Global Whitelist: All URLs are blacklisted by default, FP will have a whitelist in S&box that they can manually add to like how the code access list works. People can make issues allowing additional websites and services.

Project Whitelist: A game creator fills out a section of project settings that defines what URLs they can use in the WebSurface. Once a client selects that game and there are URLs defined; S&box will display them with the option to continue or bail.

What have you tried?

Trusting creators to not do stupid things I guess.

Additional context

There is also the case of WebSockets but only the project whitelist method makes sense for them in my opinion. The focus of this issue is to prevent problems with WebSurface specifically.

[cashmen123]

Yeah this is pretty important. The potential for IP grabbers or directing people to porn is already bad. There's also the potential for sending users to fake login pages for various sites and tricking them to enter login details (especially when users can't see the URL for the site they are seeing). There should be plenty of public "trusted site" whitelists available on the web that can be used as a baseline, and can be cherry-picked so only specific services can be visited.

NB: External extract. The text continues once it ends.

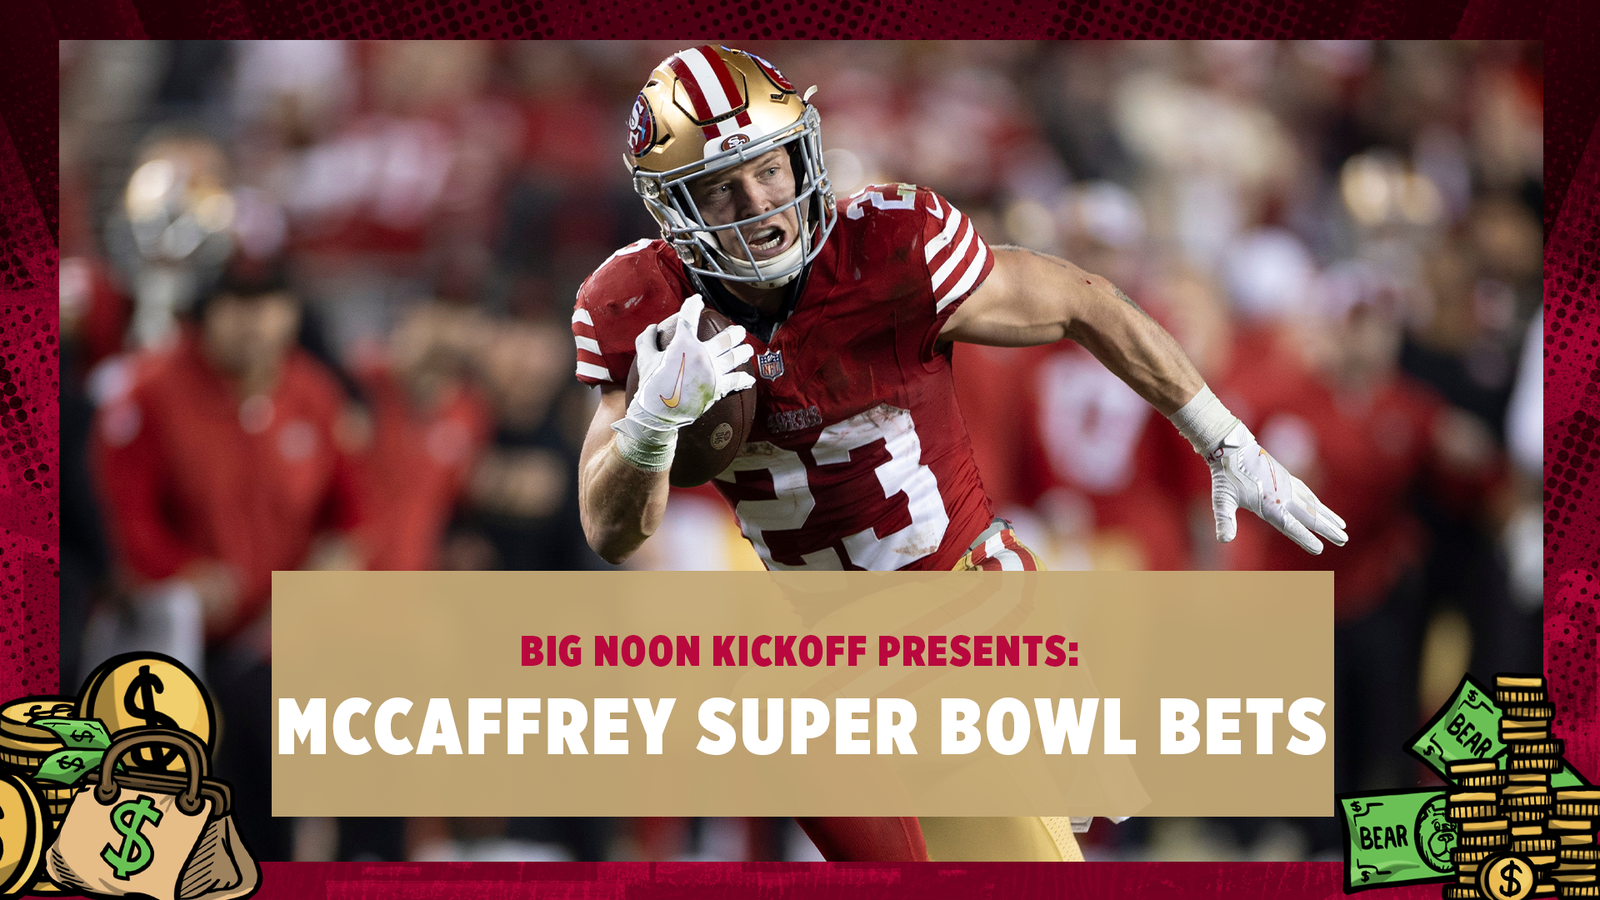 Christian McCaffrey Super Bowl prop bets, gambling odds and best picks 
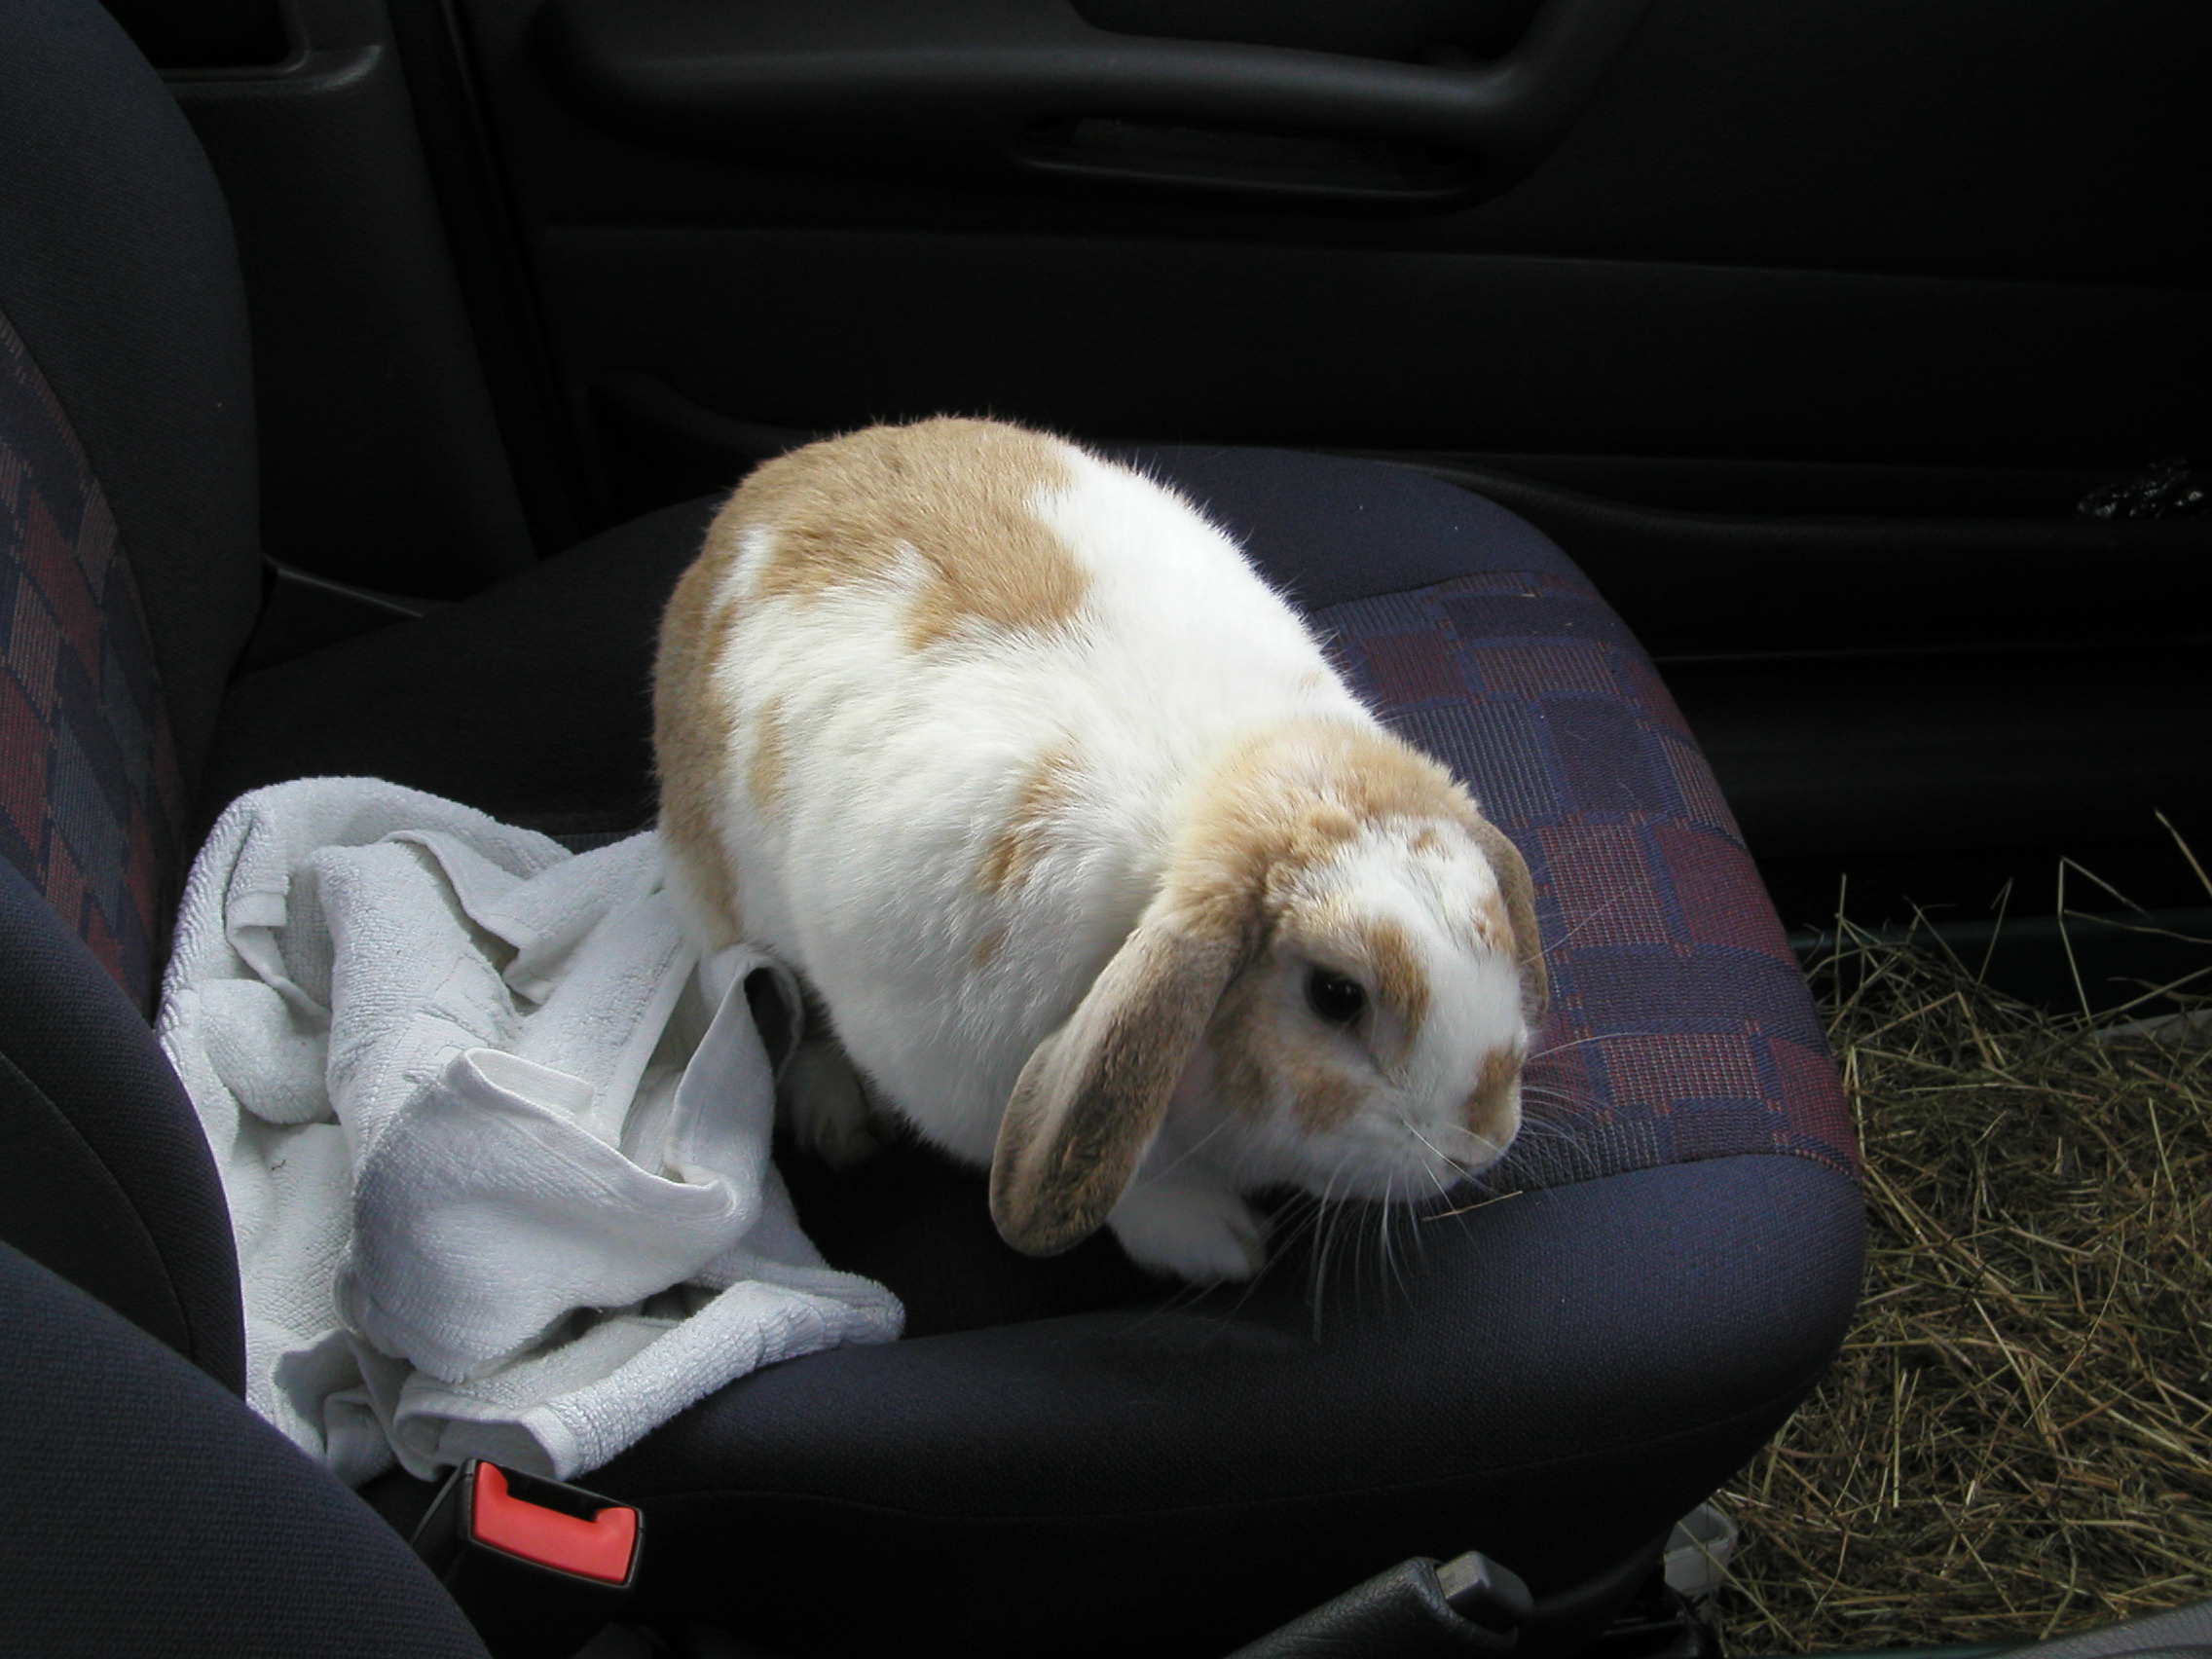 Binki in Dave's car :D

I can understand the argument that a "global whitelist" that enforces over all games is potentially limiting, but even a project whitelist that users consent to can lead to pretty easy confusion tactics via similar URL's to make users believe it's a trusted site when it's not. There's not a whole lotta reason to allow servers to push users to sites that aren't already long-term established and vetted.

[handsomematt]

Very confused why games having your IP would be a bad thing, how do you think you would connect to and communicate with a server... ?

Don't really get the porn stuff either, you could easily have a pornographic texture in your game? ( In both cases your game would get reported and disabled on asset.party too )

Are there any actual reasons

[cashmen123]

Very confused why games having your IP would be a bad thing, how do you think you would connect to and communicate with a server... ?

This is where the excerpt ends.